Idéalement, le seul registre des langues suffirait à trouver des bonnes solutions. Mais, en fait, les décisions à prendre par le logiciel dépendent souvent de critères non linguistiques. Par exemple, si un utilisateur a configuré comme langue préférée le breton, il n'est pas déraisonnable de lui servir du texte en français. Non pas que les deux langues soient proches (la première est une langue celte et le second une langue romane) mais parce que, en pratique, presque tous les gens qui comprennent le breton comprennent également le français.
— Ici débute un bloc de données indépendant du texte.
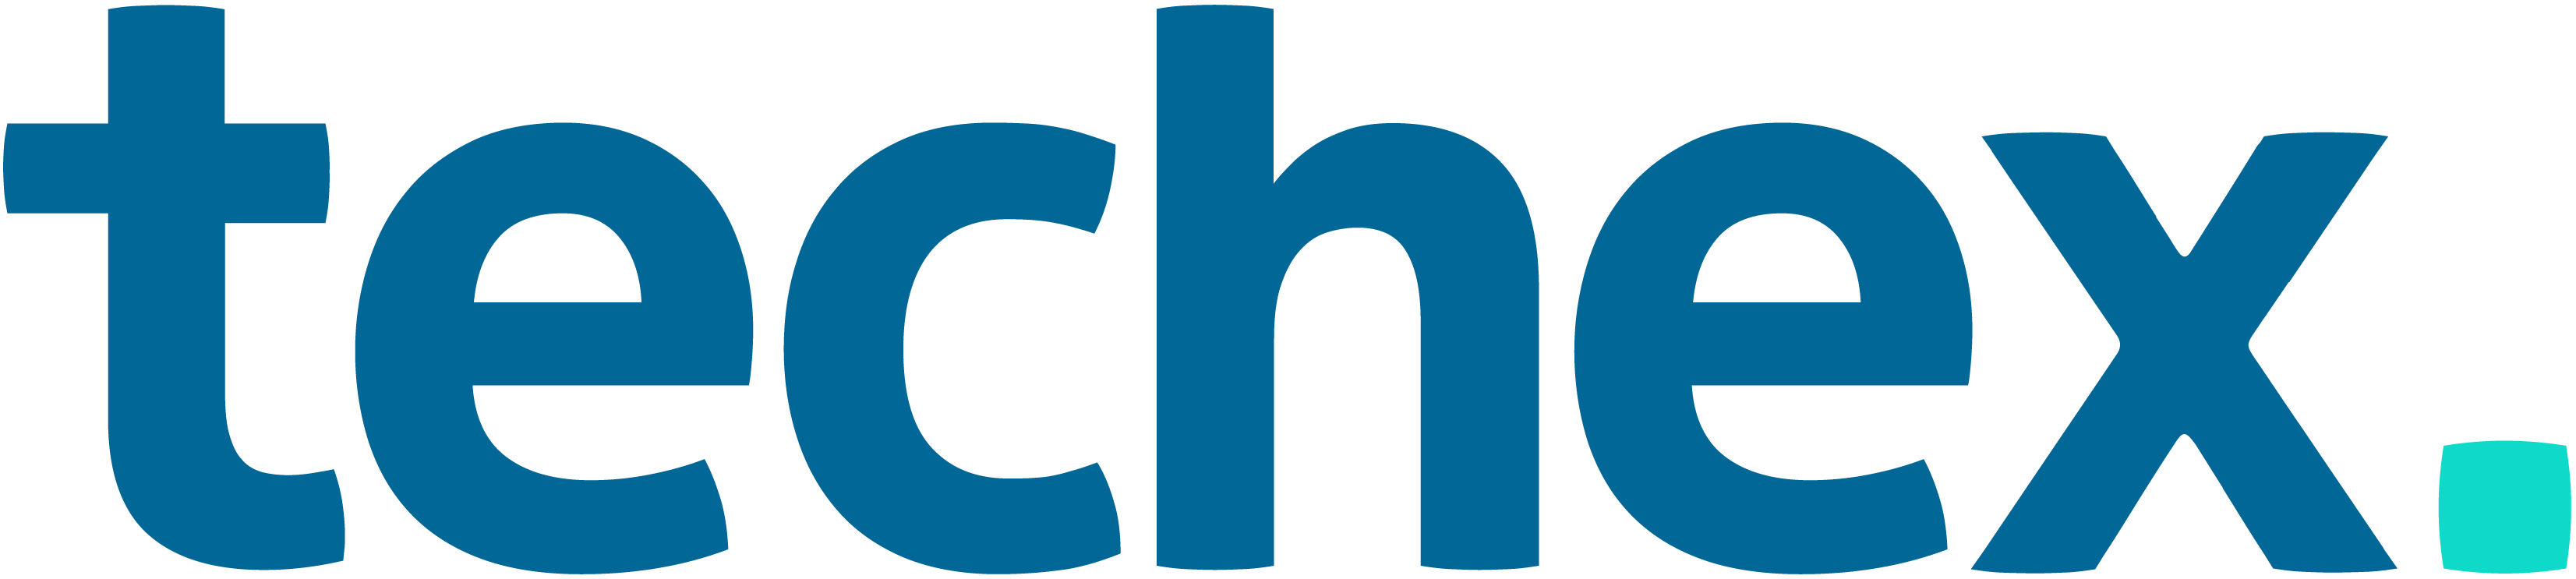 Logo from company techex.

Mais on ne peut pas mettre cette information (de taille importante et qui change souvent) dans le registre ! Il faudrait donc se résigner, ce qui ne semble pas facile, à ne pas avoir dans le registre d'information permettant un repli « intelligent ».

Après, là encore, un débat très chaud, le groupe LTRU a finalement fait marche arrière le 26 mai 2008, revenant aux extlangs. Cela nécessite de revenir à la précédente version des Internet-Drafts, de revoir documents et implémentations. Et sans garantie que cela ne recommence pas dans quelques mois...

Ma vue personnelle est que le système est instable : on peut bâtir un bon argumentaire pour les deux solutions (contre les extlangs, voir le texte de Mark Davis), aucune n'est parfaite, car les langues humaines n'ont pas été conçues pour faciliter la tâche de l'IETF. Il aurait fallu adopter une solution et s'y tenir mais les mécanismes de décision à l'IETF ne rendent pas cela facile.